Cherries, kittens, old American muscle cars, your mum, sneezing, those egg chairs that were big in the 60s until everyone started getting slipped discs, Oblivion: there are certain things in life which are so beautiful that even their faults become things you love them for. Cherry stones might crack your teeth, but if you know they’re there, you can spit them out with a satisfying 'ptooie'; kittens are adorable, but will occasionally track their own shit over your laptop keys. In Oblivion I would occasionally get stuck in a rock, be accosted by flying horses or be attacked by a box of yellow light which, despite all evidence to the contrary, purported itself to be a Daederoth.
With the fourth in the
Elder Scrolls series from Bethesda now reaching its five year anniversary,
Oblivion - like your mum - still got game. But it's starting to look... let’s say... past its best.
Elder Scrolls V: Skyrim, on the other hand, looks so pretty in the promotional shots that you could eat chocolate sauce out of its pants without gagging. Dragons perch precariously on gabled, ornate, many-spired monasteries, flesh dangles obscenely from Dreugh arms and frosted snow glitters on rocky mountains.
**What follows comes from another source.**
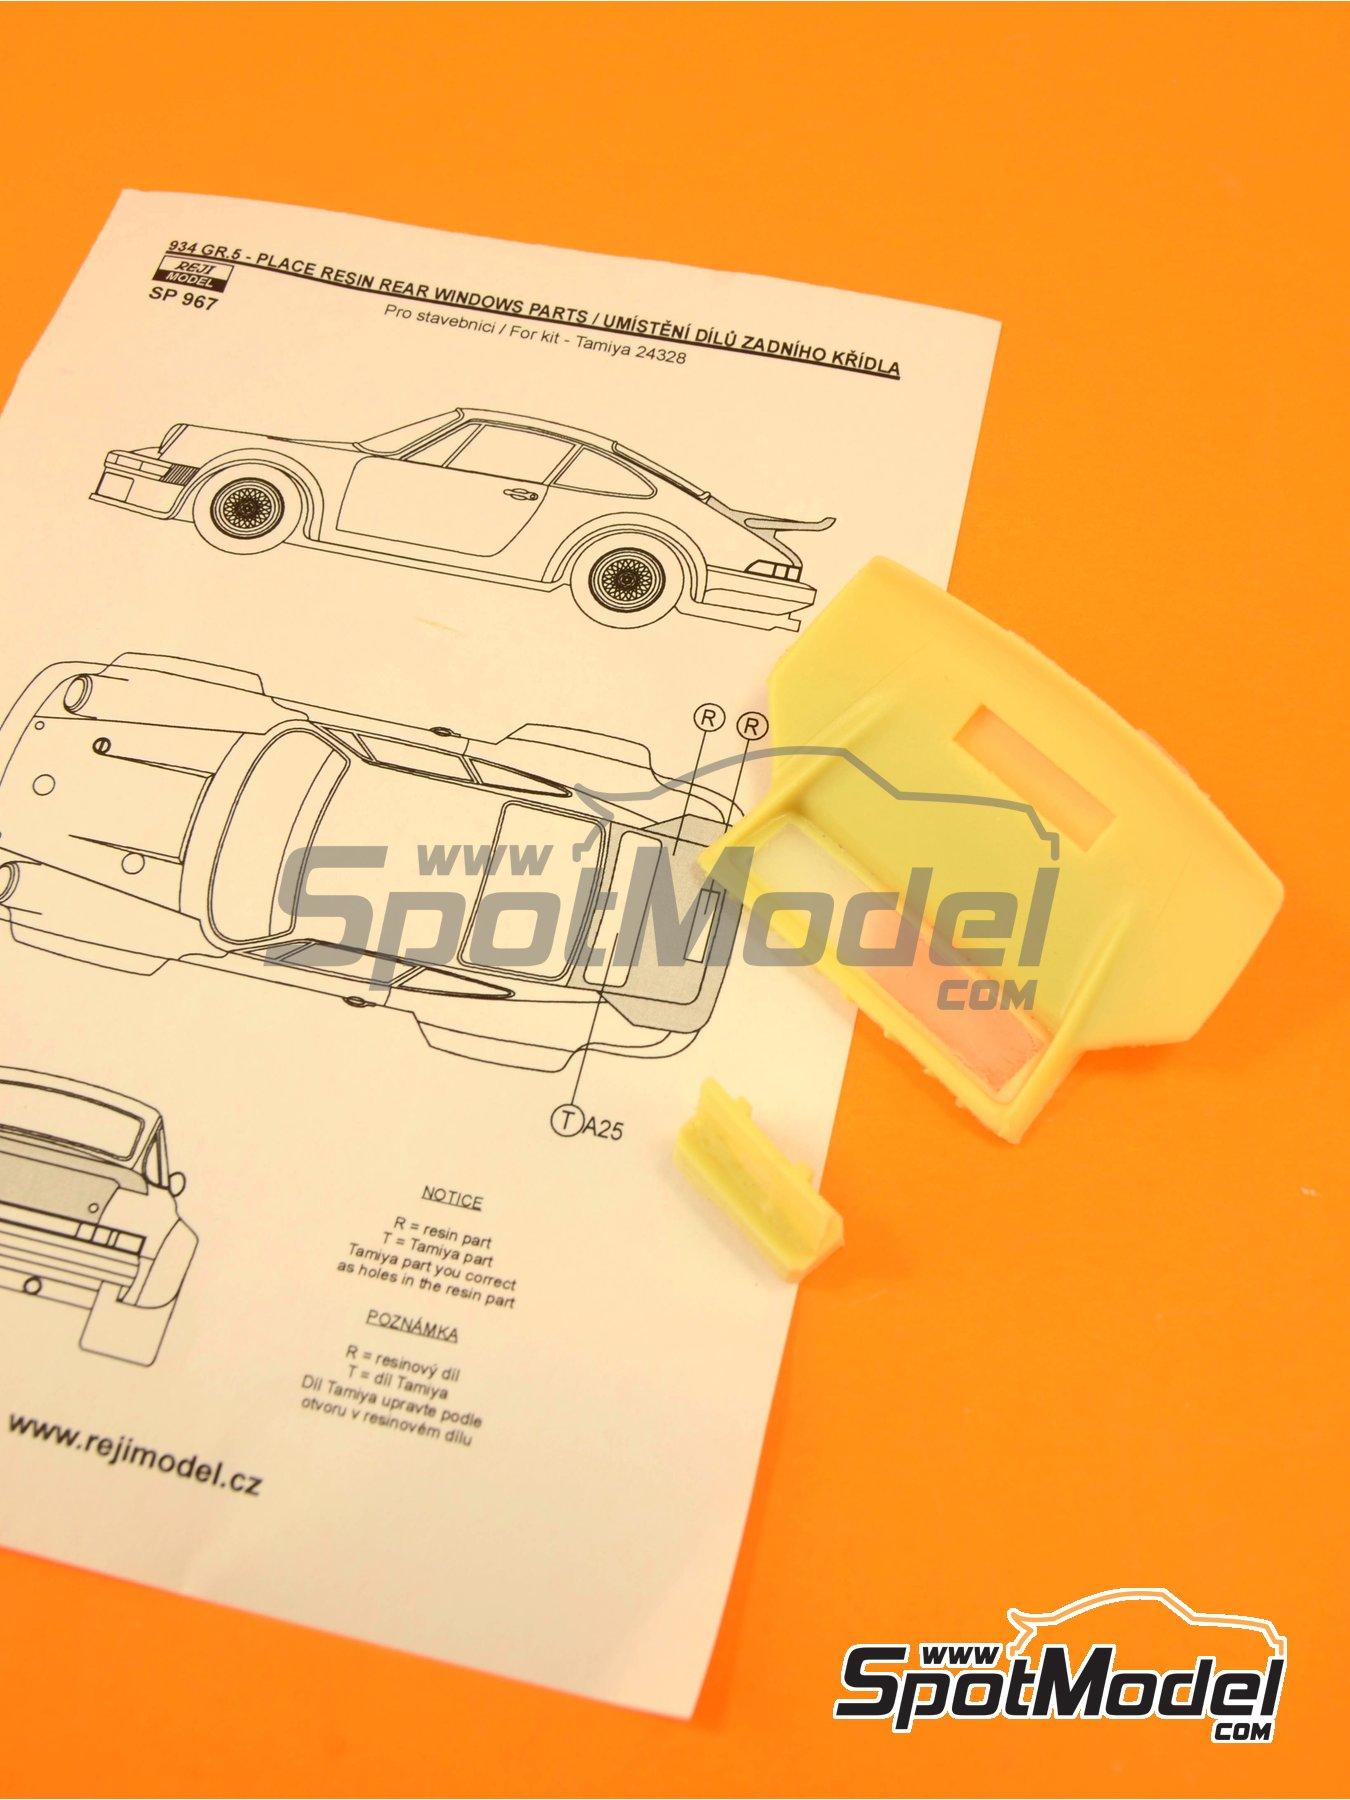 Porsche 934 Turbo RSR Group 4 - aleron trasero | Transkit en escala1/24 fabricado por Reji Model (ref.REJI-SP967) image

On waking in the game world “Skyrim”, home of the Nords, as in
Oblivion you are a prisoner, this time being transported by cart along a mountain path with a bunch of grumpy lumberjack-looking types who give you the exposition as you travel. Seasoned Scroller that I am, this nearly drove me mad. I don’t care about the political situation, I want to stove some heads in by dual-wielding maces! In case you do want to know,
Skyrim is set 200 years after the events of
Elder Scrolls IV and the empire is crumbling. Particularly in Skyrim, which is being torn apart by assassinations, civil war, rebellion, clan in-fighting and general Nordic whinging. Vikings like to fight. Here endeth the history lesson.
After this extended scripted sequence and before the tutorial begins properly, you design your custom character’s appearance. Traditional races have changed a lot in appearance, all of them looking rougher, tougher and meaner than their cartoonish predecessors. War paint, scars and blinded eyes set the tone for the game - when one of your character design options is 'what colour dirt do you want to be covered in?'... well, it’s not going to be Narnia is it?
Emo and Scene kids take note: in order to avoid a drubbing in the tavern, a pre-set selection of natural hair colours mean no more pink, aquamarine or apple-green hair. I imagine the burly, ne’er-do-well Bretons (who all seem to be built like Vin Diesel) have little truck with “artistic” souls unless that art takes the form of mashing Druegh faces into a bloody mess.